→ **AIM OF THE TASK**
Output all of the records word for word and drop the images.

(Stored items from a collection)

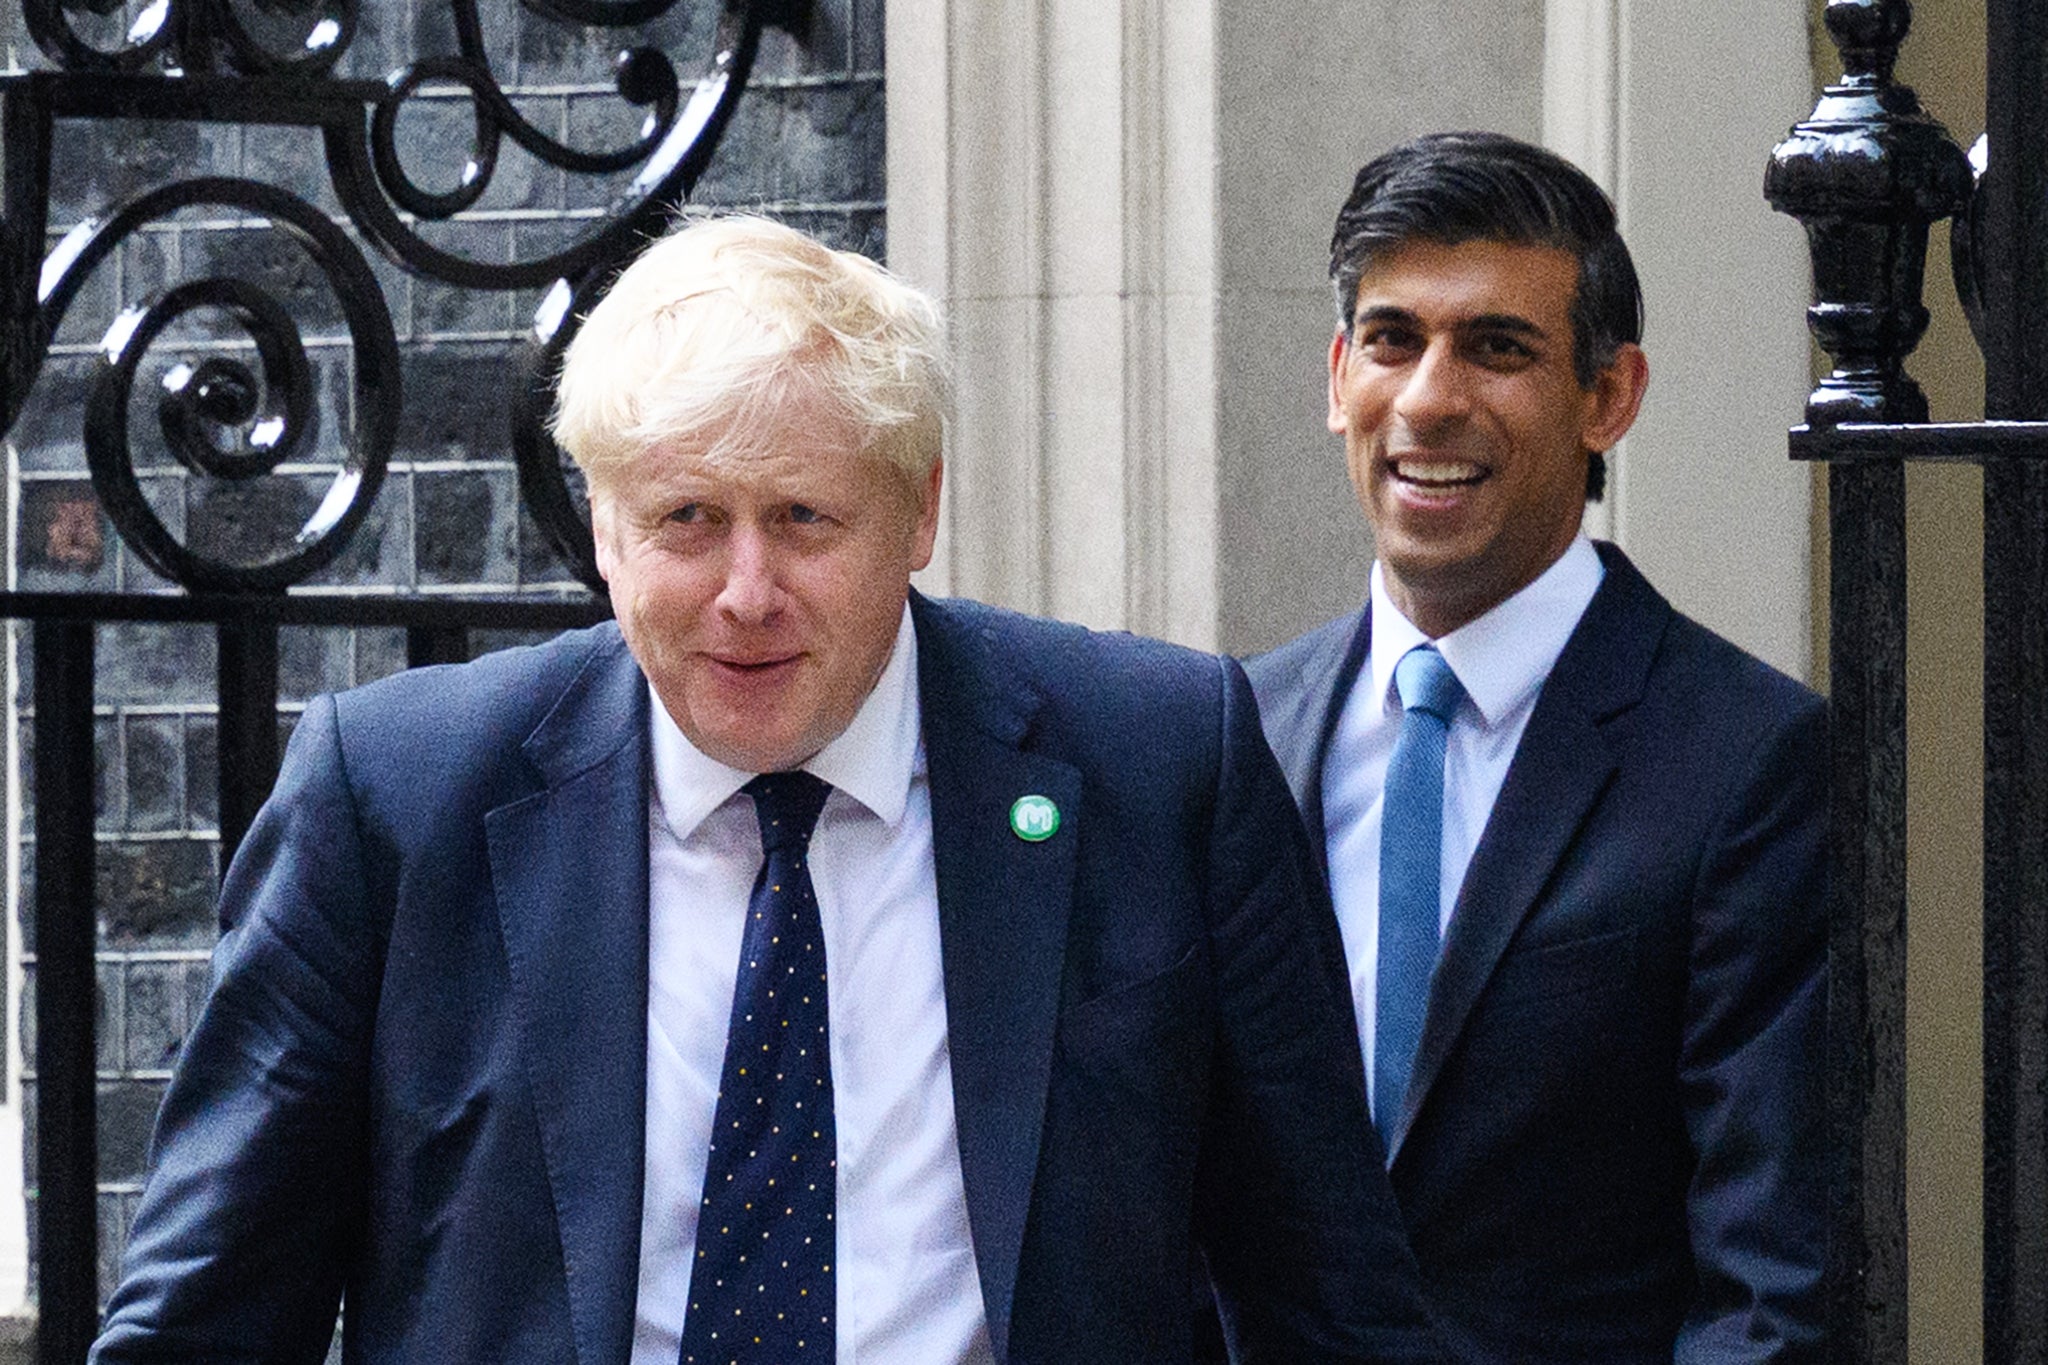 Rishi Sunak (right) also faces questions about his relationship with Boris Johnson and top No 10 officials
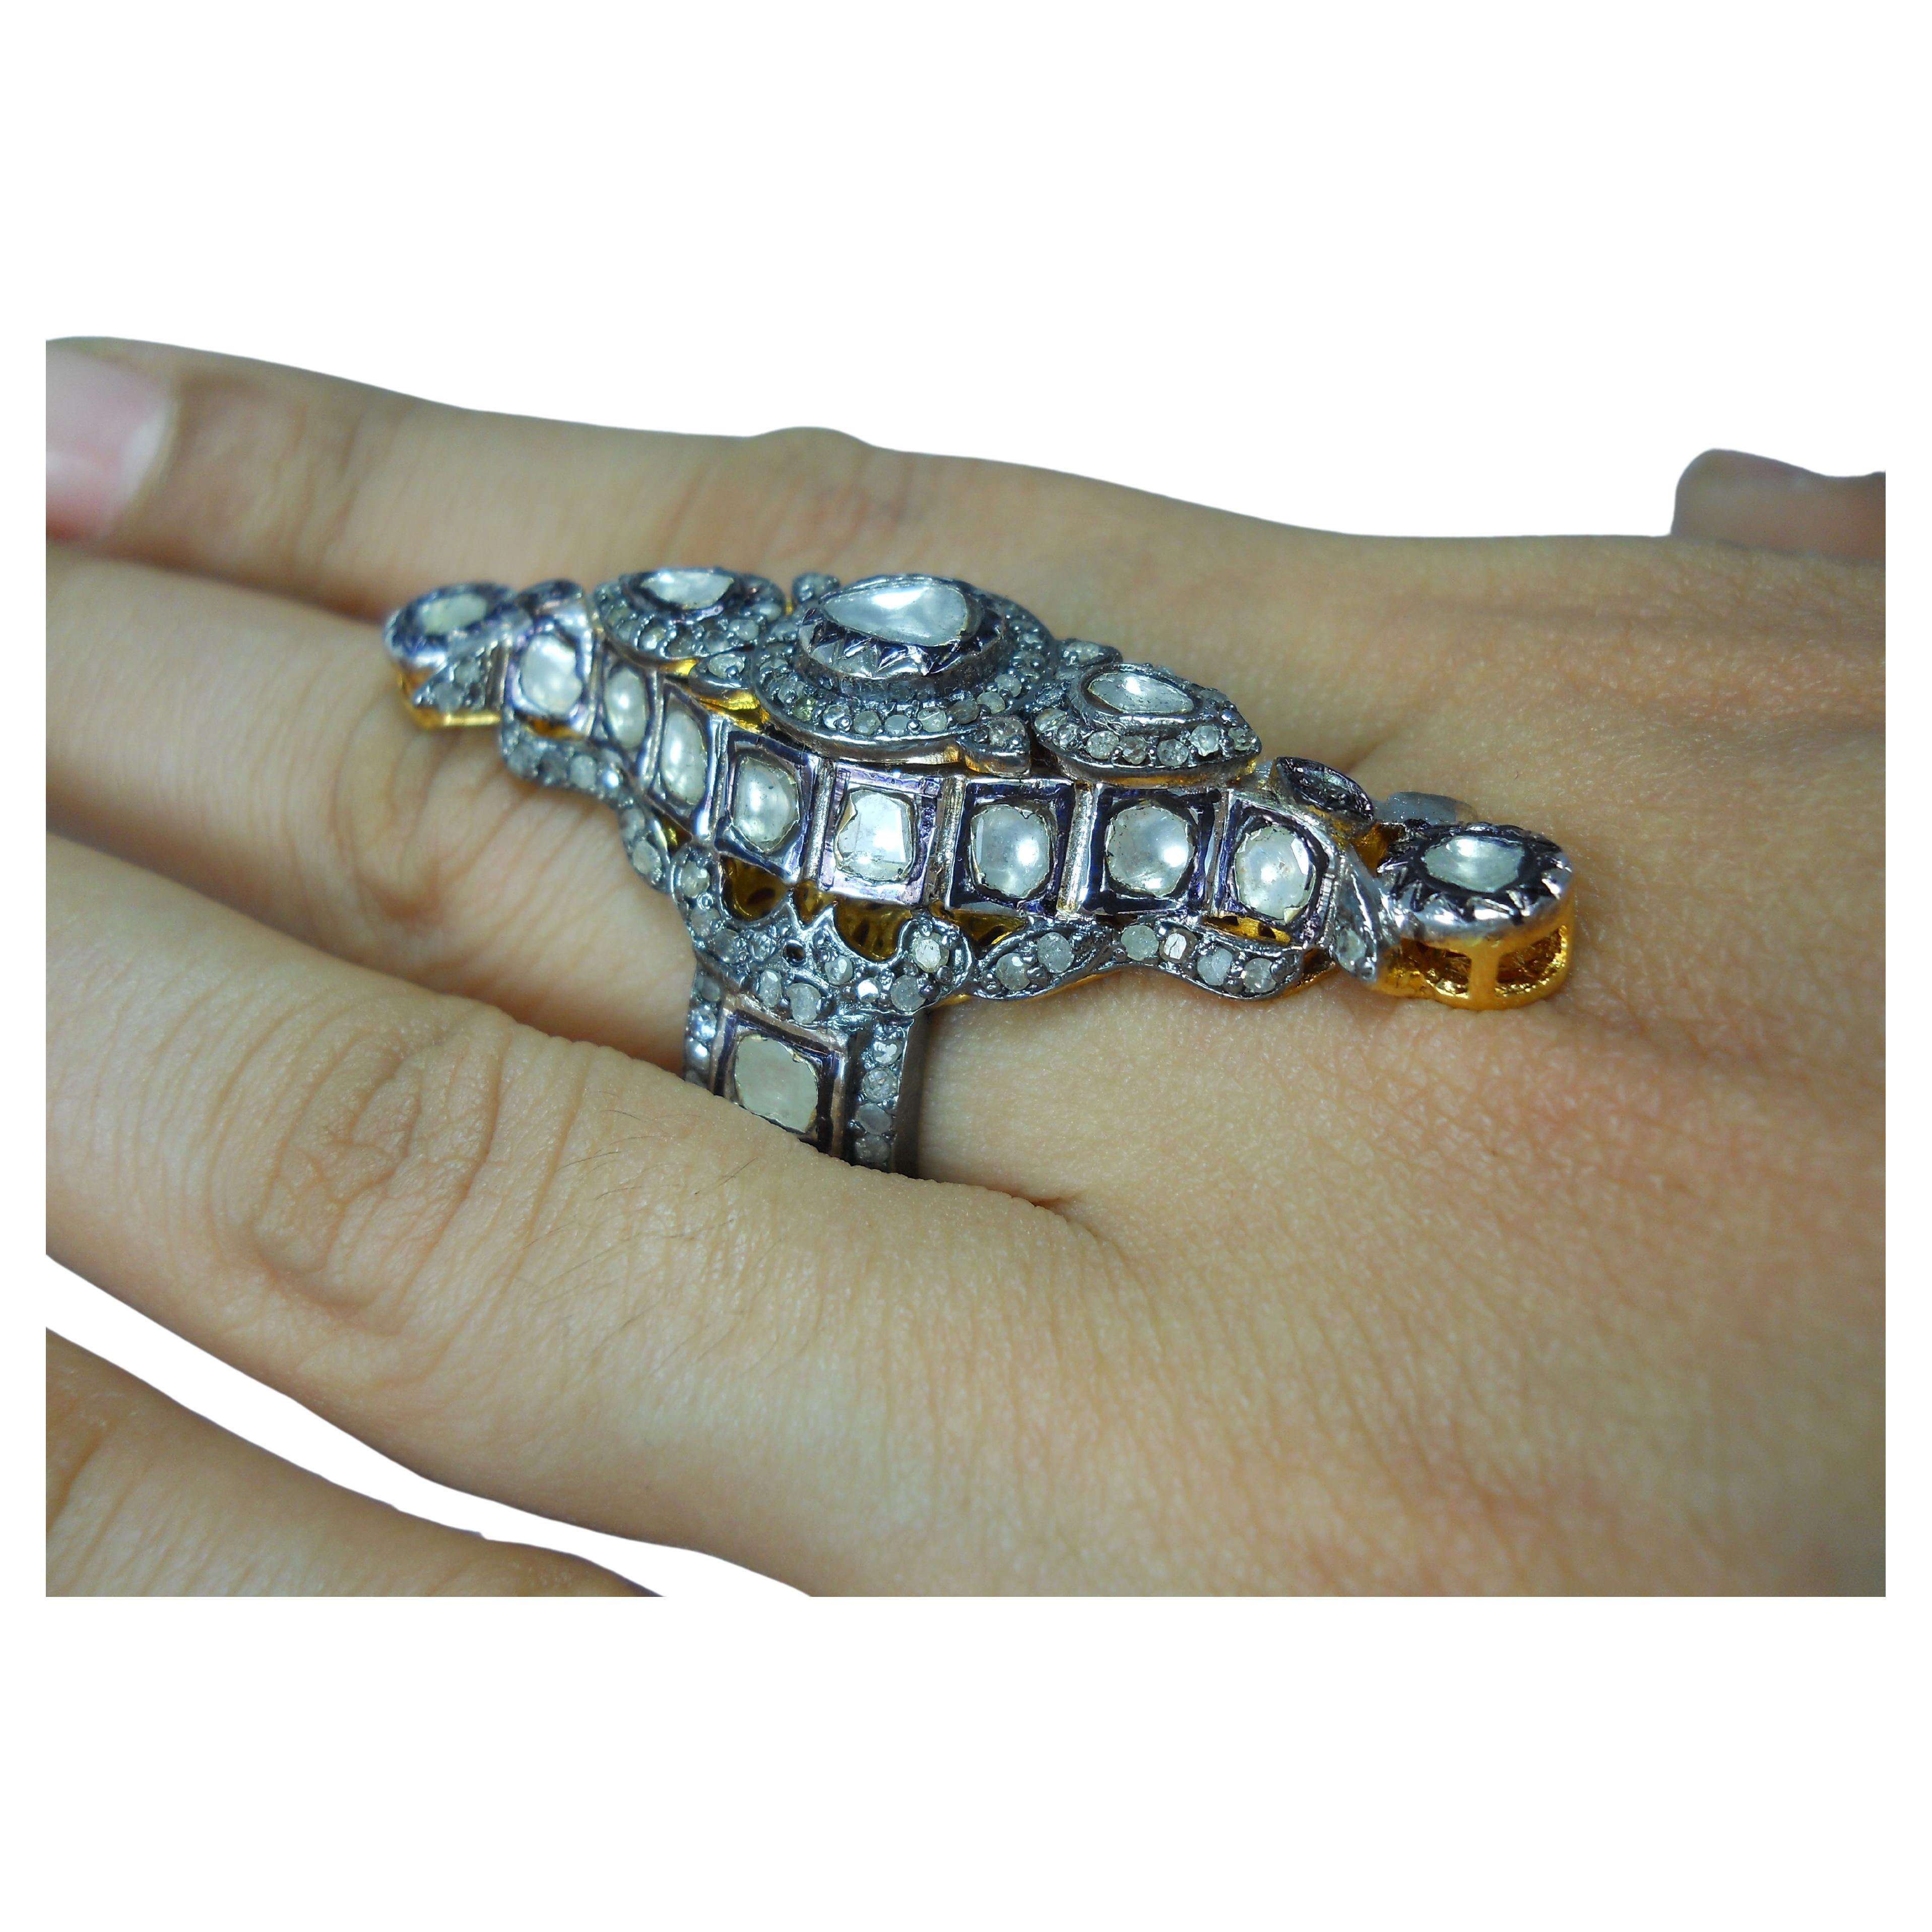 -Diamond type- Natural rose cut, natural uncut diamond

-Diamond color- white with a tint of grey

-Diamond weight- 6.90ctw

-Metal- 925 Sterling silver

Metal color- oxidized silver and yellow gold plated
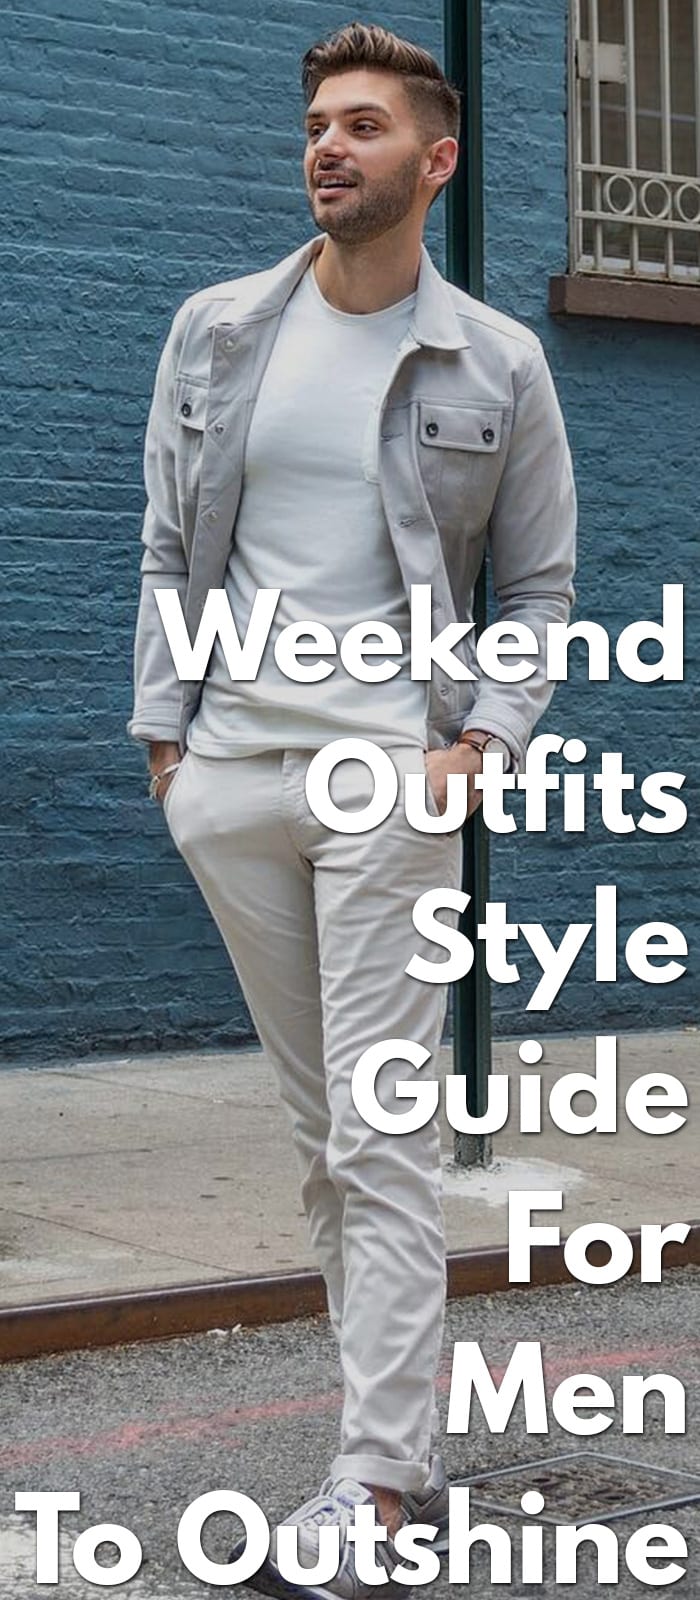 Weekend-Outfits-Style-Guide-For-Men-To-Outshine......

→ **SOLVED PROBLEM**
 Rishi Sunak (right) also faces questions about his relationship with Boris Johnson and top No 10 officials
 -Diamond type- Natural rose cut, natural uncut diamond

-Diamond color- white with a tint of grey

-Diamond weight- 6.90ctw

-Metal- 925 Sterling silver

Metal color- oxidized silver and yellow gold plated
 Weekend-Outfits-Style-Guide-For-Men-To-Outshine......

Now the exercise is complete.